Limite do Crepúsculo Velho Demônio da Montanha Negra 3650 palavras 2026-01-30 10:19:55

De repente, o ambiente tornou-se um tanto opressivo. Os colegas ao redor pareciam assustados, lançando olhares preocupados para eles.

O jovem de vestes elegantes, Xú Ji, ainda não era oficialmente o responsável, mas para os empregados, isso pouco importava.

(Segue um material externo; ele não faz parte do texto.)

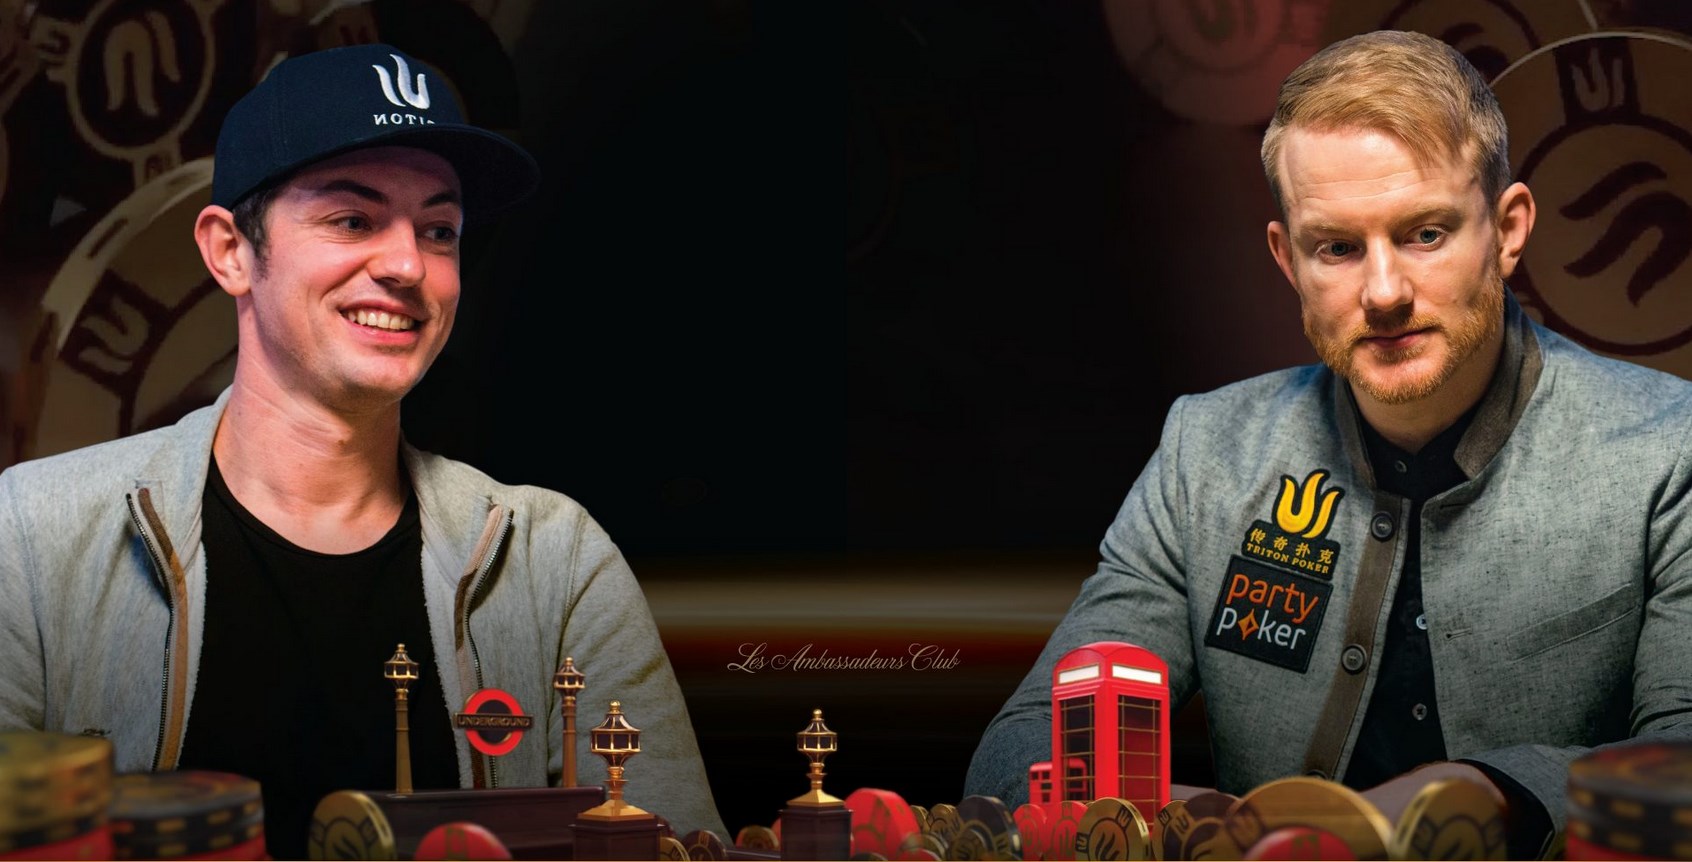 The roles of Asian poker series Triton Poker and Tom Dwan in popularizing the new format cannot be underestimated.

O dono raramente aparecia, e todos sabiam que, dentro daquela propriedade, grandes ou pequenos assuntos sempre eram decididos por ele.

Como alguém ousaria desafiá-lo? Não temiam ser expulsos de volta para casa?

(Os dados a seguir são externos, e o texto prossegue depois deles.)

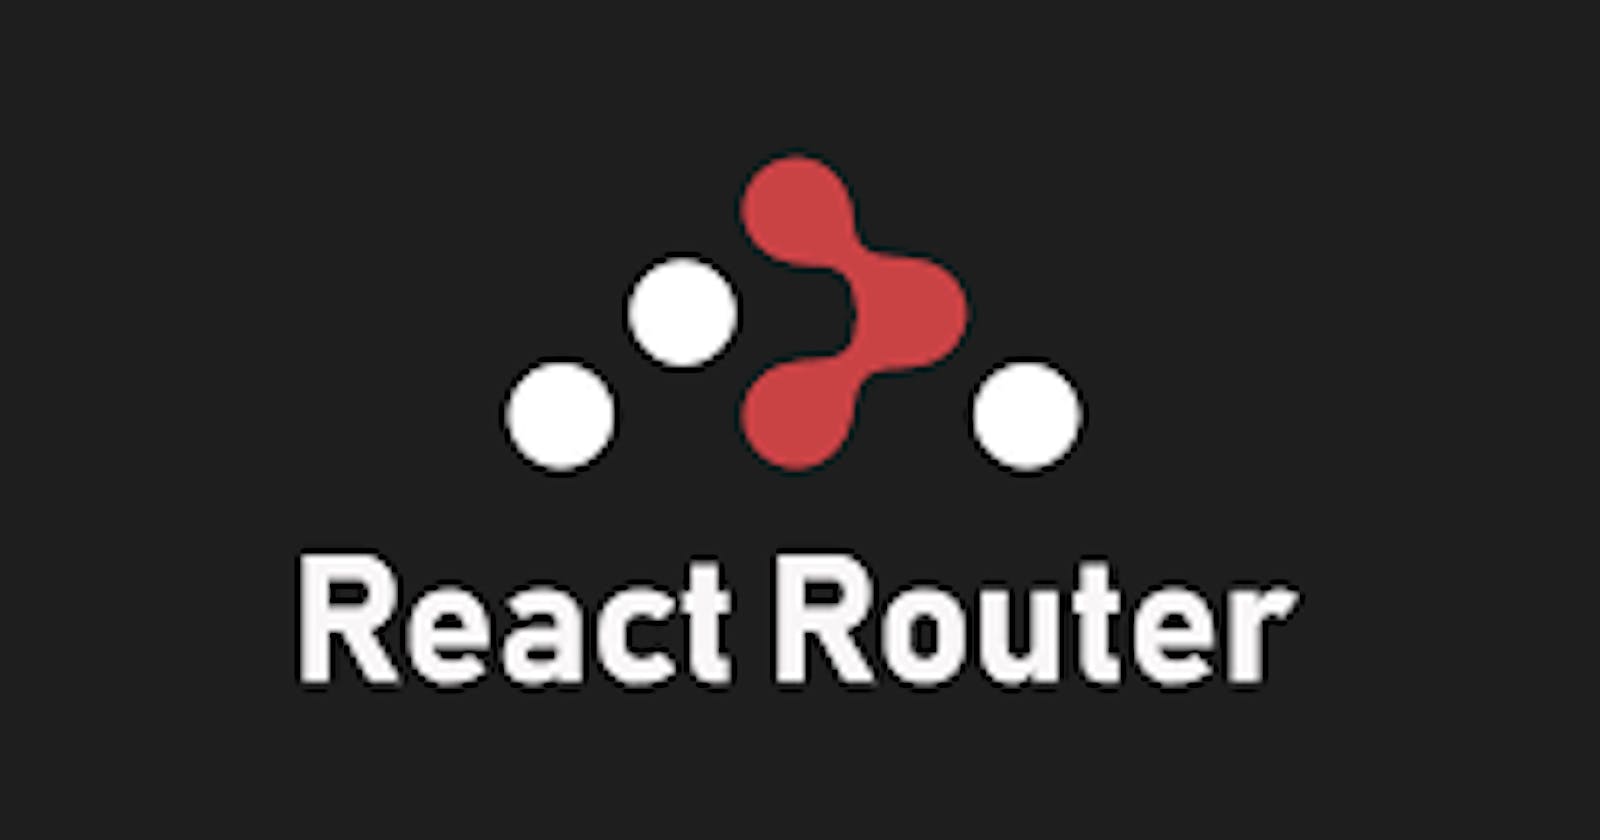 Routing in React

Não importava se vinham da vila ou da aldeia, conseguir um lugar na Irmandade da Lâmpada Vermelha custara sacrifícios às suas famílias. Se fossem mandados de volta, provavelmente a vida perderia o sentido.

Além disso, o próprio Xú Ji era muito capaz. Qualquer técnica que o dono ensinasse, ele dominava, superando largamente os outros empregados. Se chegasse a uma briga, seria difícil para qualquer um enfrentá-lo...

— Vovô, vai dar briga... — sussurrou uma menina no pátio, ansiosa, apenas com a cabeça para fora de um enorme barril de remédios onde estava sentada, o rosto pálido à luz da lamparina sobre a mesa.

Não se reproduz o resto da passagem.